In my work, devotional drawings, expressive scrawls, and psychedelic color fields are embedded in shapes of translucent epoxy. Its permissiveness enables this collage-like grammar: the epoxy accepts and metabolizes any fragment, solidifies and freezes, and becomes a substrate for further painting.
I look to art histories of dream states and mystical visualization, efforts to envision the formless and to exceed the edges of the self. I materialize what it’s like to be in a separate body struggling to unite physically and psychologically with others, in the present or across gaps of time and memory.
The past provides me with distorted emblems of sacrality like baby cupids, saintly faces, and hands locked in gestures of yearning or supplication. I’m interested less in their original religious meanings than the longing they contain—I am reaching towards someone else reaching towards god. Joining another’s devotion holds an implicit desire to merge, and to pronounce the eroticism of merged subjectivities.
The bottle of my mother’s Giorgio Beverly Hills perfume that I recently found was half used when she died in 1997. If I smell it, I can conjure her, but the magic loses power with excessive repetition. Scent is visceral but extends beyond the body, invisibly, seductively, uncontrollably. The statuesque and urn-like vial is a funerary object that acts directly on memory rather than through representation.
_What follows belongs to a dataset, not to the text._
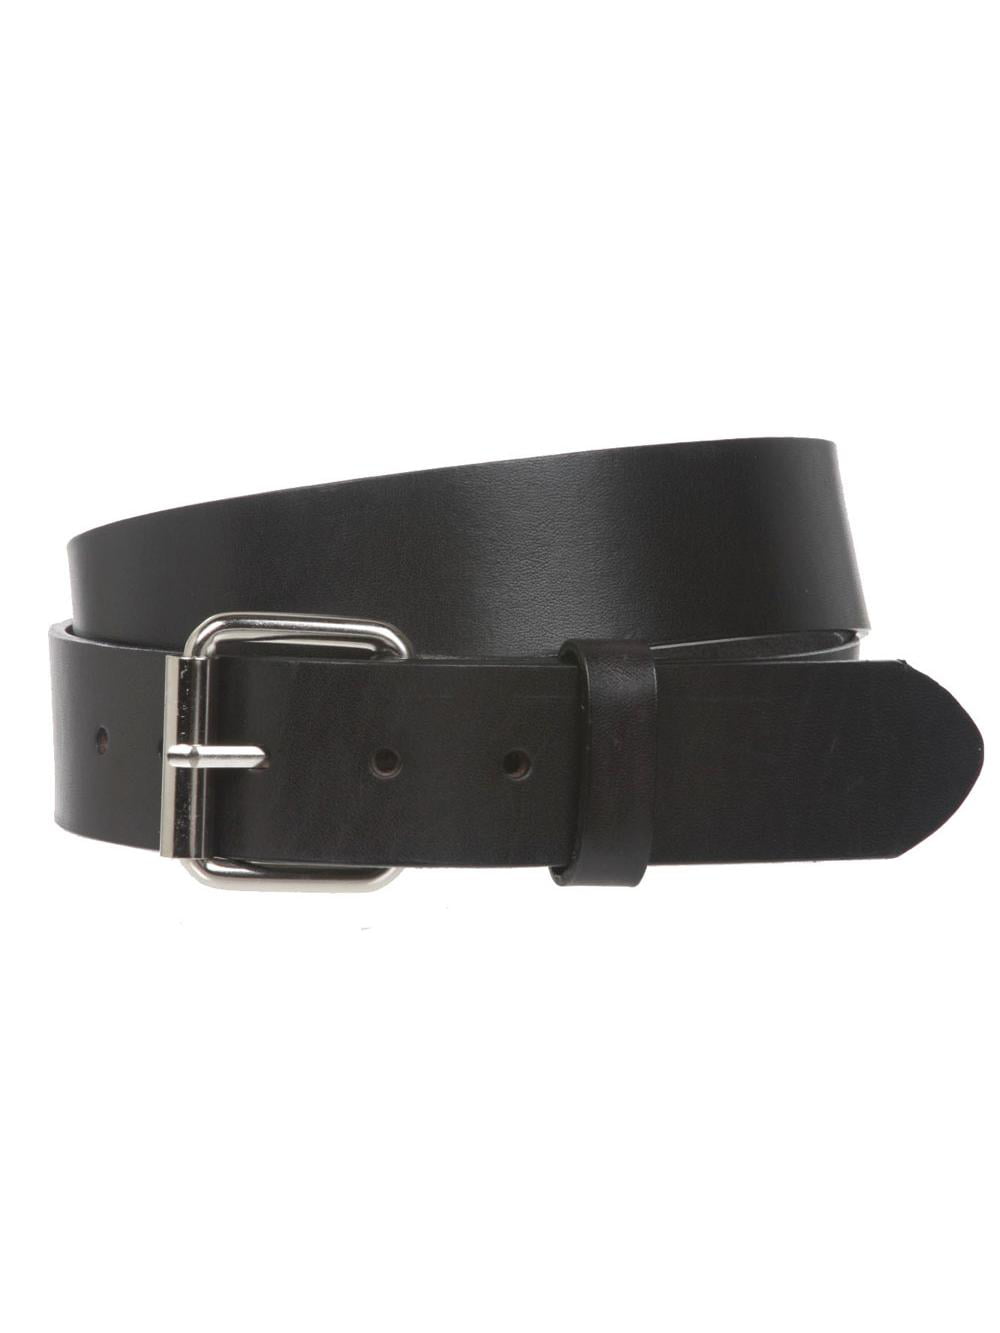 Unisex Men's Womens New Plain Leather Belt Snap-On Removable Roller Buckle Solid

Though sensually tangible —even overpowering— the Giorgio effect is a technology of supersensory vision: the layering of sight, memory, and hallucination.
— Heather McPherson
On view: July 13 – August 31, 2024
Opening reception: Saturday July 13, 6 - 9pm
McPherson is an Associate Professor of studio art at Providence college. She received a BFA from Washington University in St. Louis and an MFA from RISD. Recent shows include What Would Artist Do at a vacant storefront in Providence, Below the Thin at Take it Easy in Atlanta, and group shows at Below Grand, Kristen Lorello, and 315 Gallery in New York. She has presented previous projects with the RISD museum, Vox Populi in Philadelphia, and the deCordova Sculpture Park and Museum in Lincoln, MA.